A few months ago I experimented with CPU particles drawn using OpenGL and tried to get as good performance as possible with them. I added all sorts of features to make it as quick as possible, for example multi-threading support, keeping particle data in "structs" using Riven's MappedObject, e.t.c. After having improved it little by little until now, I decided to tackle the biggest problem of it so far: the inflexibility of having a large buffer full of randomly dying particles.
Basically the problem is that any one particle can die at any moment due to its life time running out, leaving a gap in the particle buffer. If I want to draw it all with glDrawArrays, I'd either have to compact the buffer on the CPU or discard dead particles in a geometry shader, but in the shader approach, I'd have to send a lot more data to OpenGL each frame, not to mention the insane fragmentation that builds up in the buffer. I decided to try to keep the particle buffer compacted each frame using the CPU instead.
I'm going to simplify the example a little. Pretend I'm using an Particle to store my Particle instances. I keep track of its capacity (length) and its current size (used space), similar to a Buffer instance. If the buffer is full and I try to add a new Particle, I double the capacity similar to an ArrayList.
Now, the real difference in how I do things is how I update my particles. Particle updating happens partly in my createParticle() method (!!!). Why? I do the updating there to be able to locate a dying particle and return it instead of just adding it to the end. This obviously reduces fragmentation and reuses objects, but not that much. In an optimal scenario where 100 particles die per frame and 100 particles are created per frame, it will stay completely compact, but that is pretty unrealistic for explosions, bursts, e.t.c. Just having random life time pretty much guarantees that the number of dying and created particles will be different each frame.
So after creating all new particles, we have a half updated Particle array, which is compact up to the last updated Particle. I have a second method (finishUpdate()) which is supposed to update the remaining particles. First it just continues to update particles until it encounters a particle that dies. Then it continues updating and checks how many particles that die in a row (often just one, but it could be very many too). Then it continues updating and checks how many particles that -do NOT die are in a row. These still alive particles are copied to a lower index to keep it compacted using System.arraycopy(). I then repeat these last two until all Particles are updated. Haha, I guess that wasn't very clear...

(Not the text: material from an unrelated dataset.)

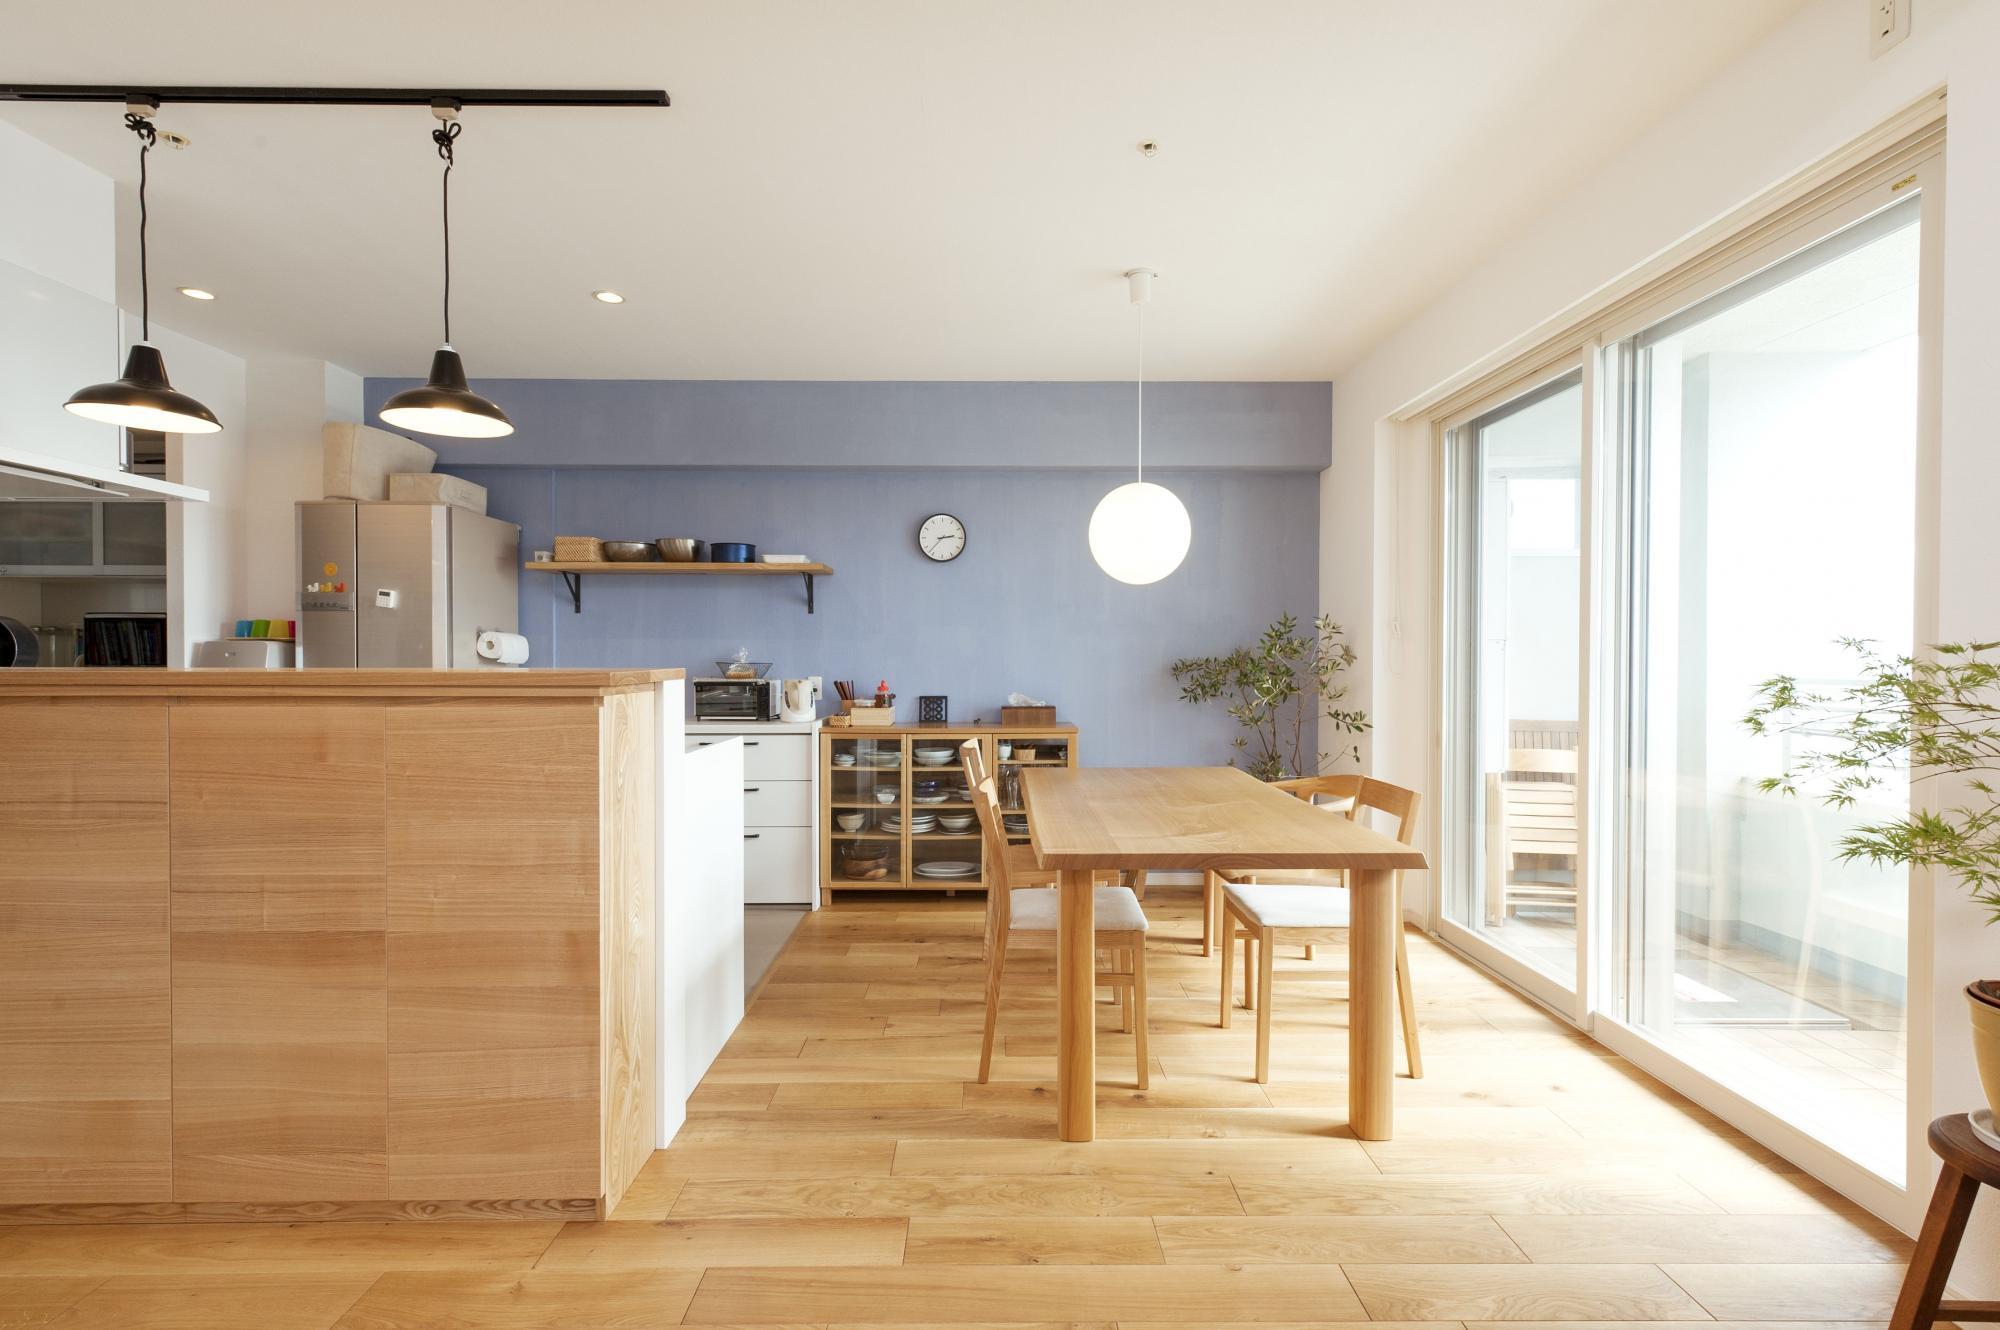 ダイニング側に移動して明るくなったキッチン。床はオークの無垢材。マンションでも木の豊かな質感を楽しむ。

TL;DR: I basically avoid the System.arraycopy on each remove that would've happened if I used ArrayList.remove(), only copying each alive Particle instance only once (or not at all if it was kept compact due to newly created particles in the first step).
Obviously things are slightly more complicated compared to how I described it above. I'm using Riven's MappedObject, so I also have to keep track of a ByteBuffer and copy around the data needed by the GPU (I have a Particle instance paired with a MappedObject containing only the data relevant to the GPU as it is much faster).
My original particle test simply created a new particle every time a particle died, which kept the number of particles constant and the buffer compacted. My current test, a firework simulator, creates particles for firework trails/tracers, and also lots of particles when the firework explodes. All particles have very random life times, but I do shoot fireworks at regular intervals, so the amount of reuse is still quite high.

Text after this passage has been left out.